-- Opening Marker --
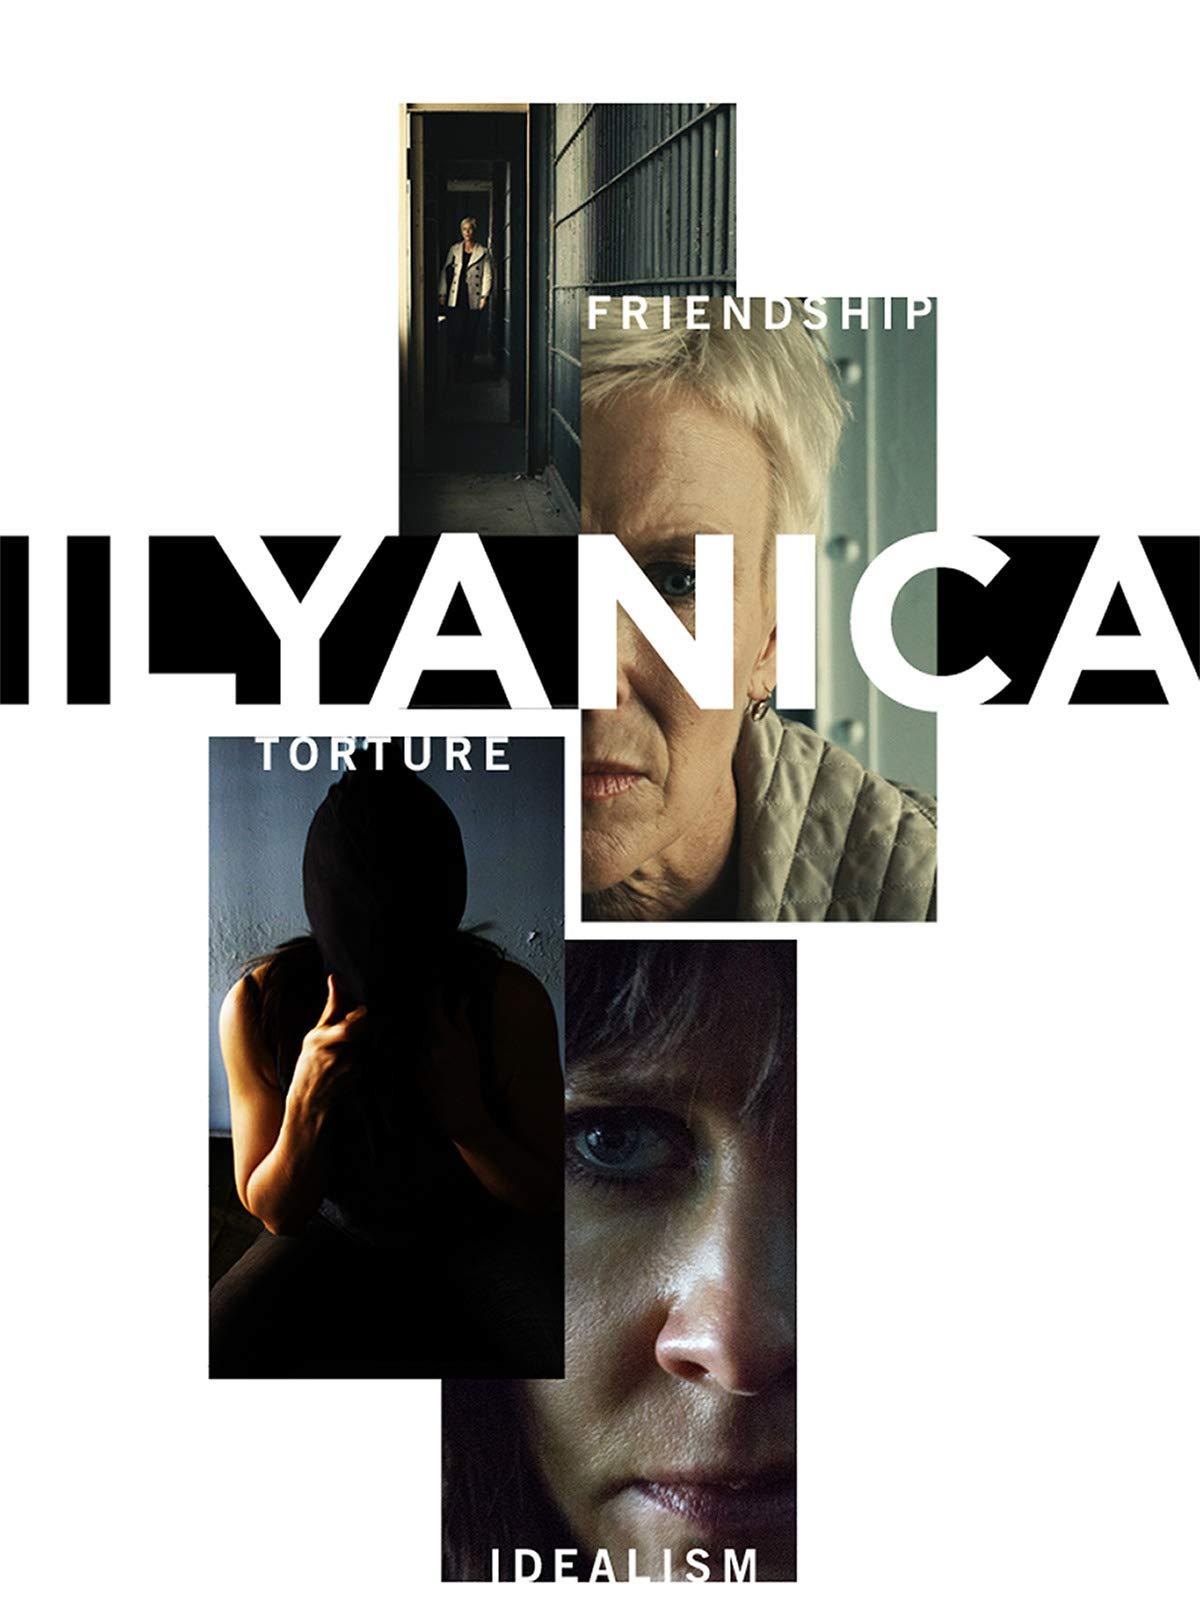 Ilyanica
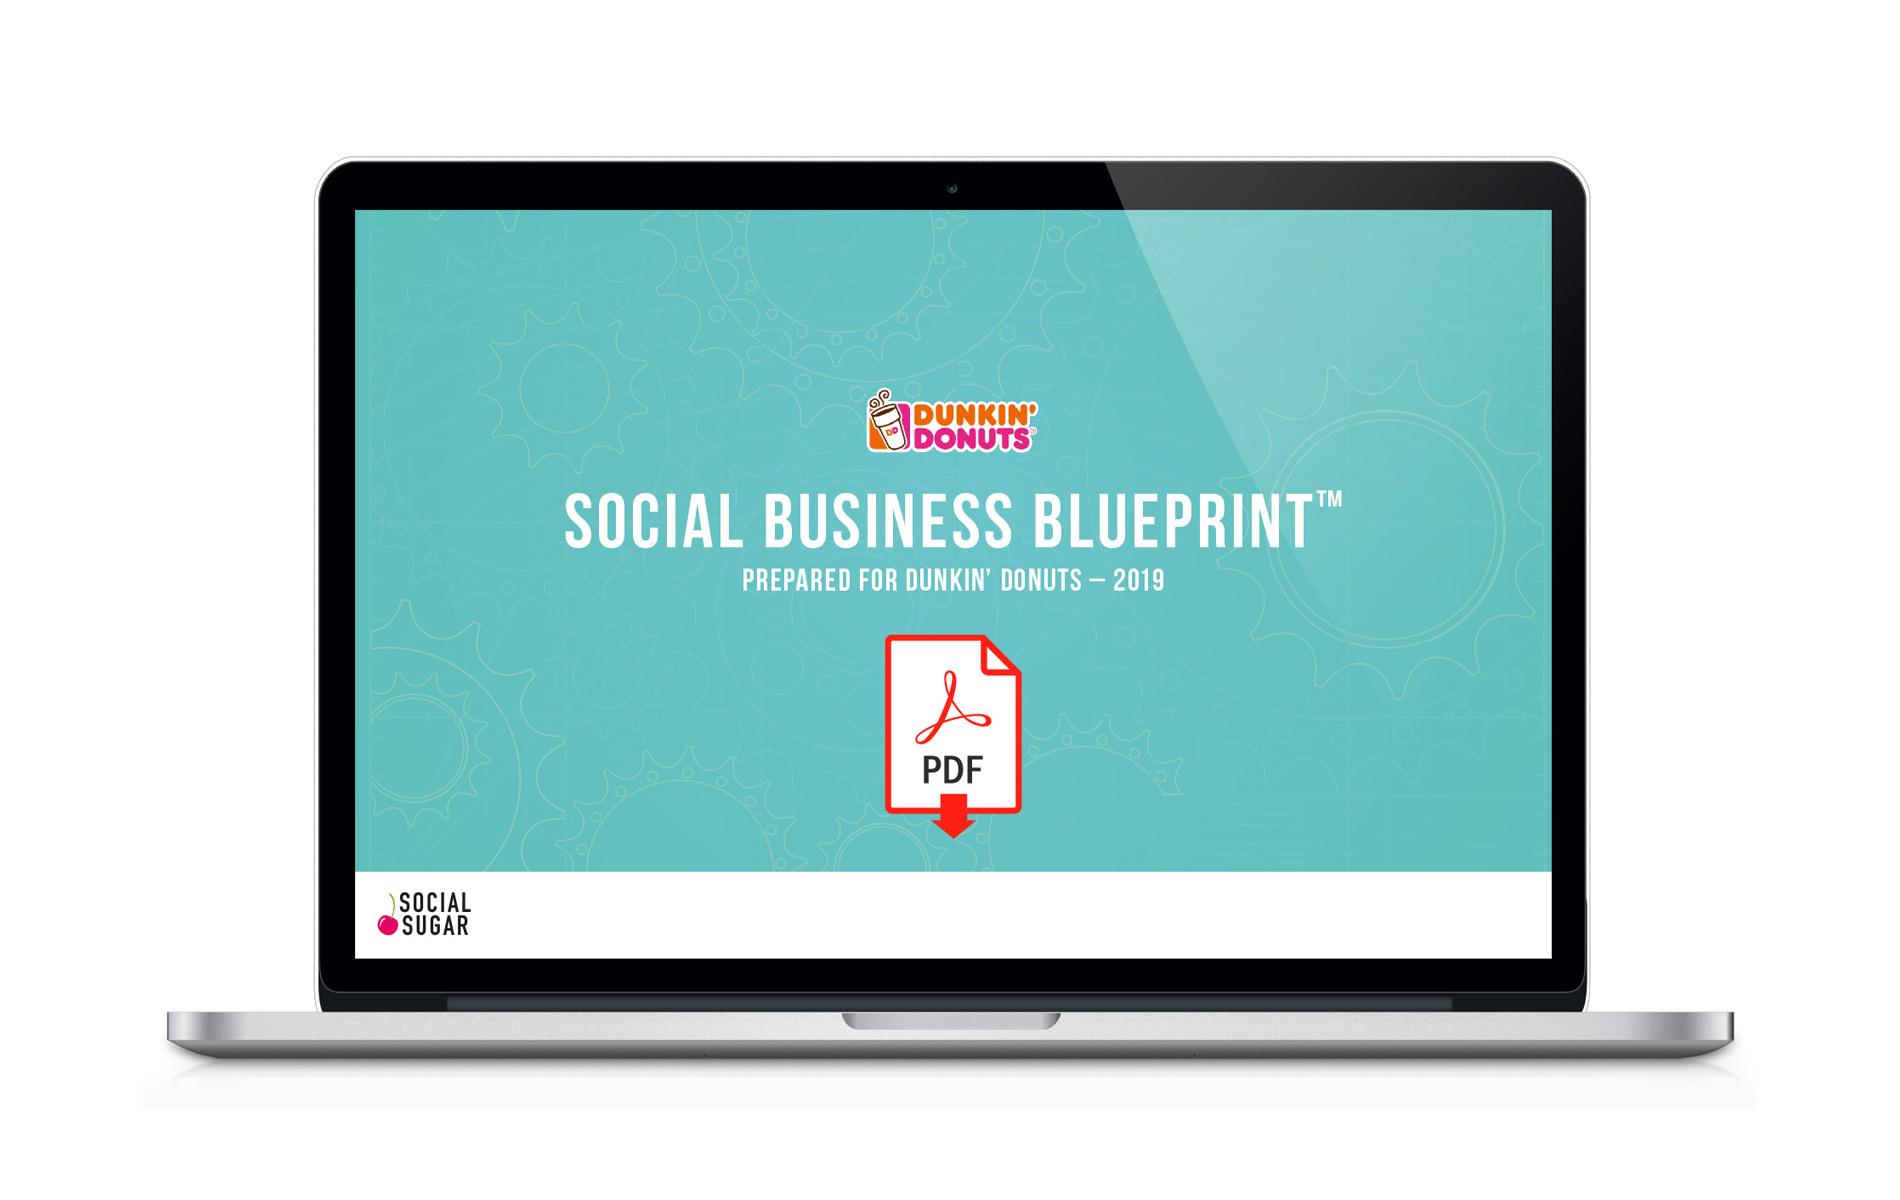 Macbook-Pro_Social-Blueprint-85-2.jpg
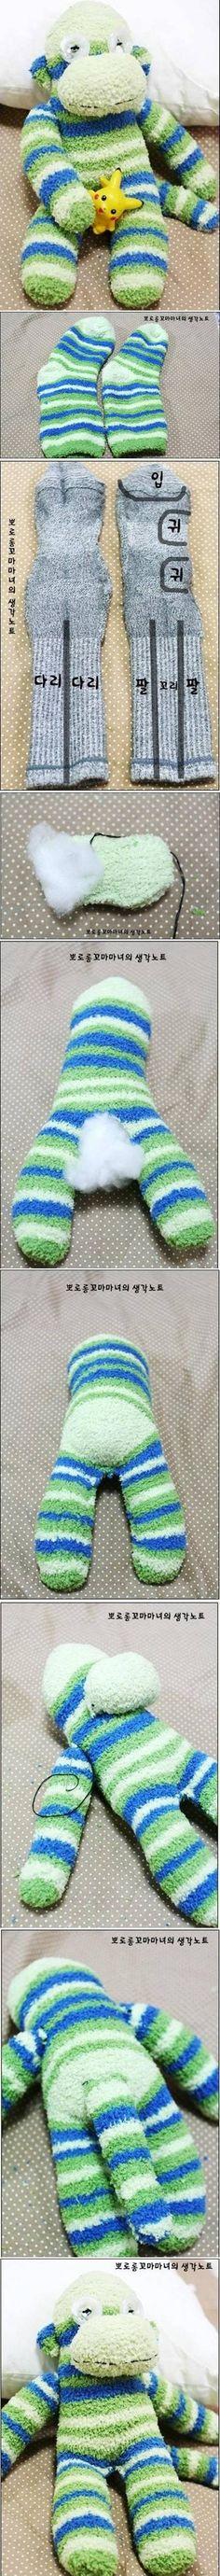 DIY Sock Monkey Terry DIY Sock Monkey Terry
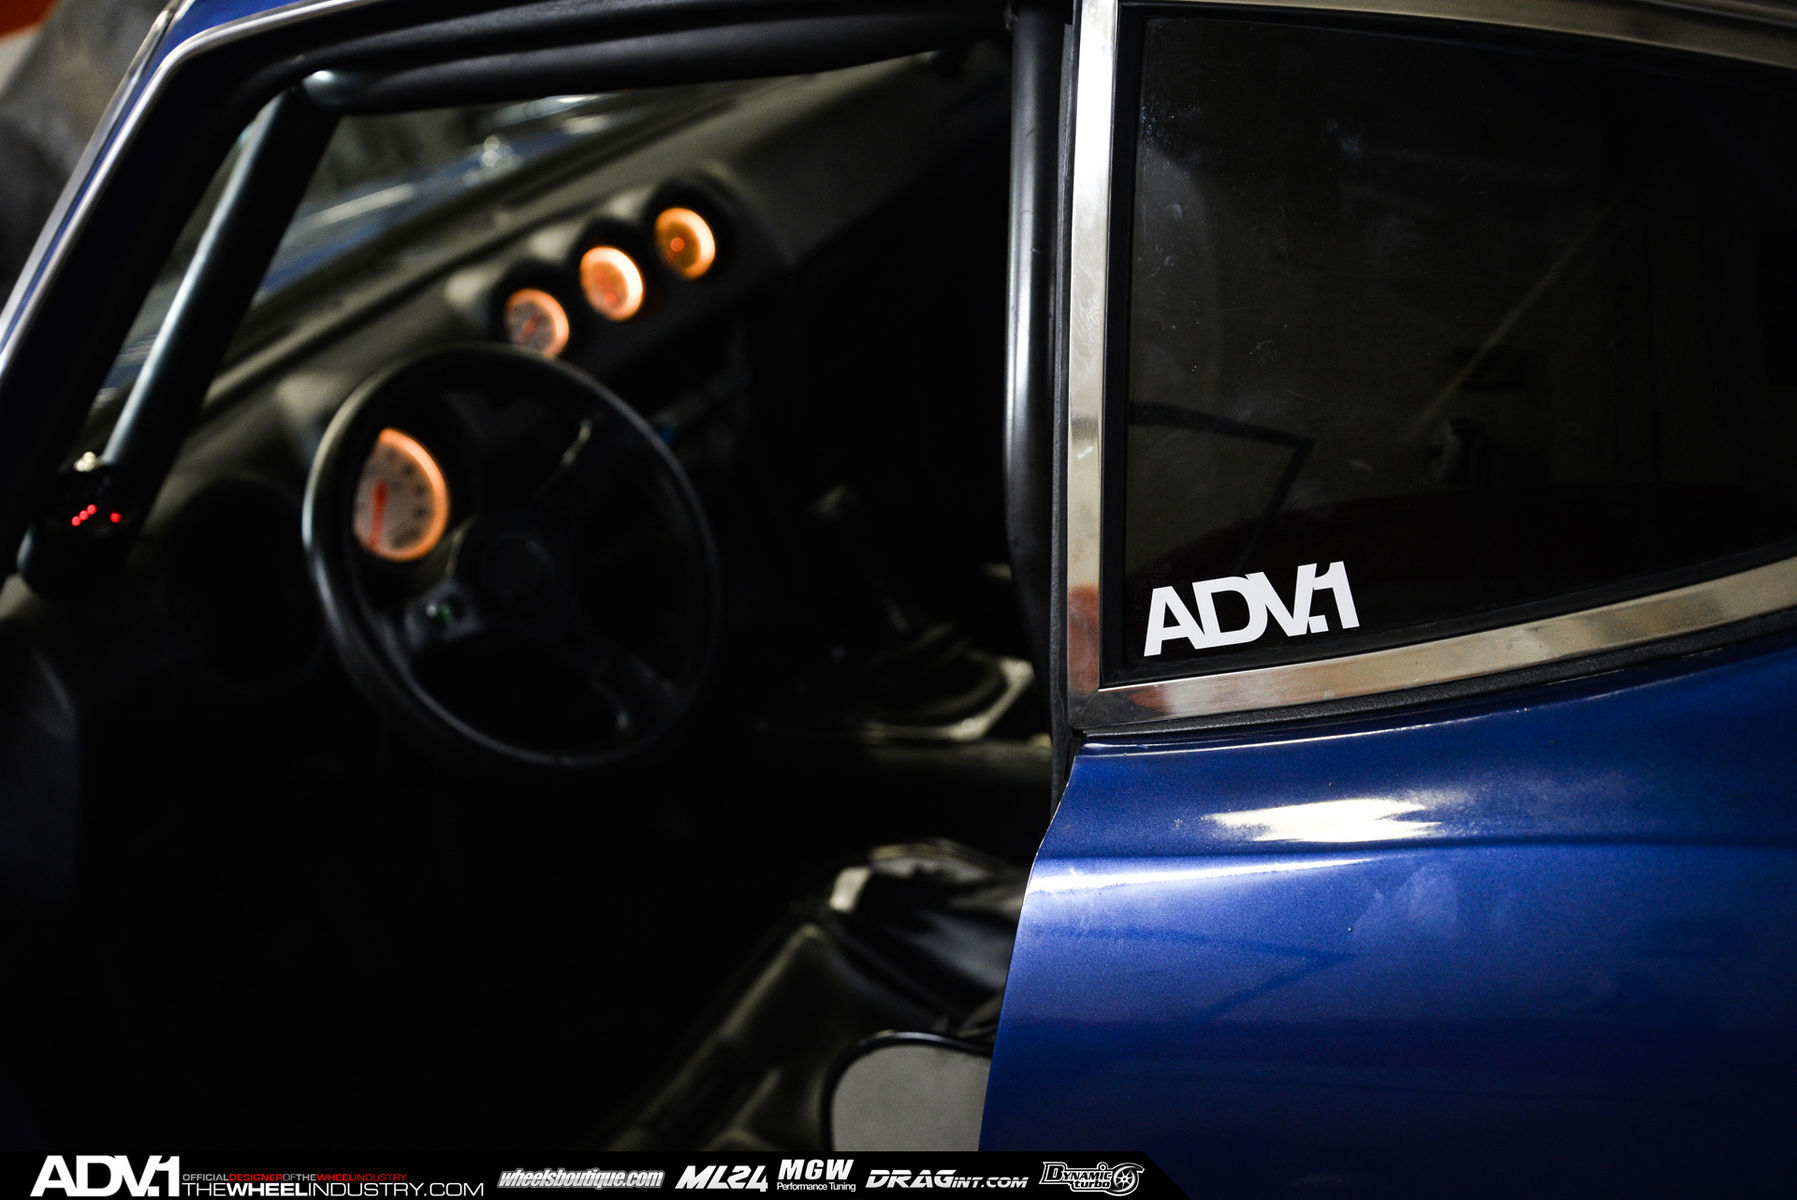 1978 Nissan    Project 2ADV.1: 1978 Datsun 280Z
-- Closing Marker --
## DIRECTIONS FOR THIS TASK:
From the line containing "DIY Sock Monkey Terry DIY Sock Monkey Terry" down to the final line of the material above, reproduce each line exactly and include no images.

## ANSWER SPACE:
 DIY Sock Monkey Terry DIY Sock Monkey Terry
 1978 Nissan    Project 2ADV.1: 1978 Datsun 280Z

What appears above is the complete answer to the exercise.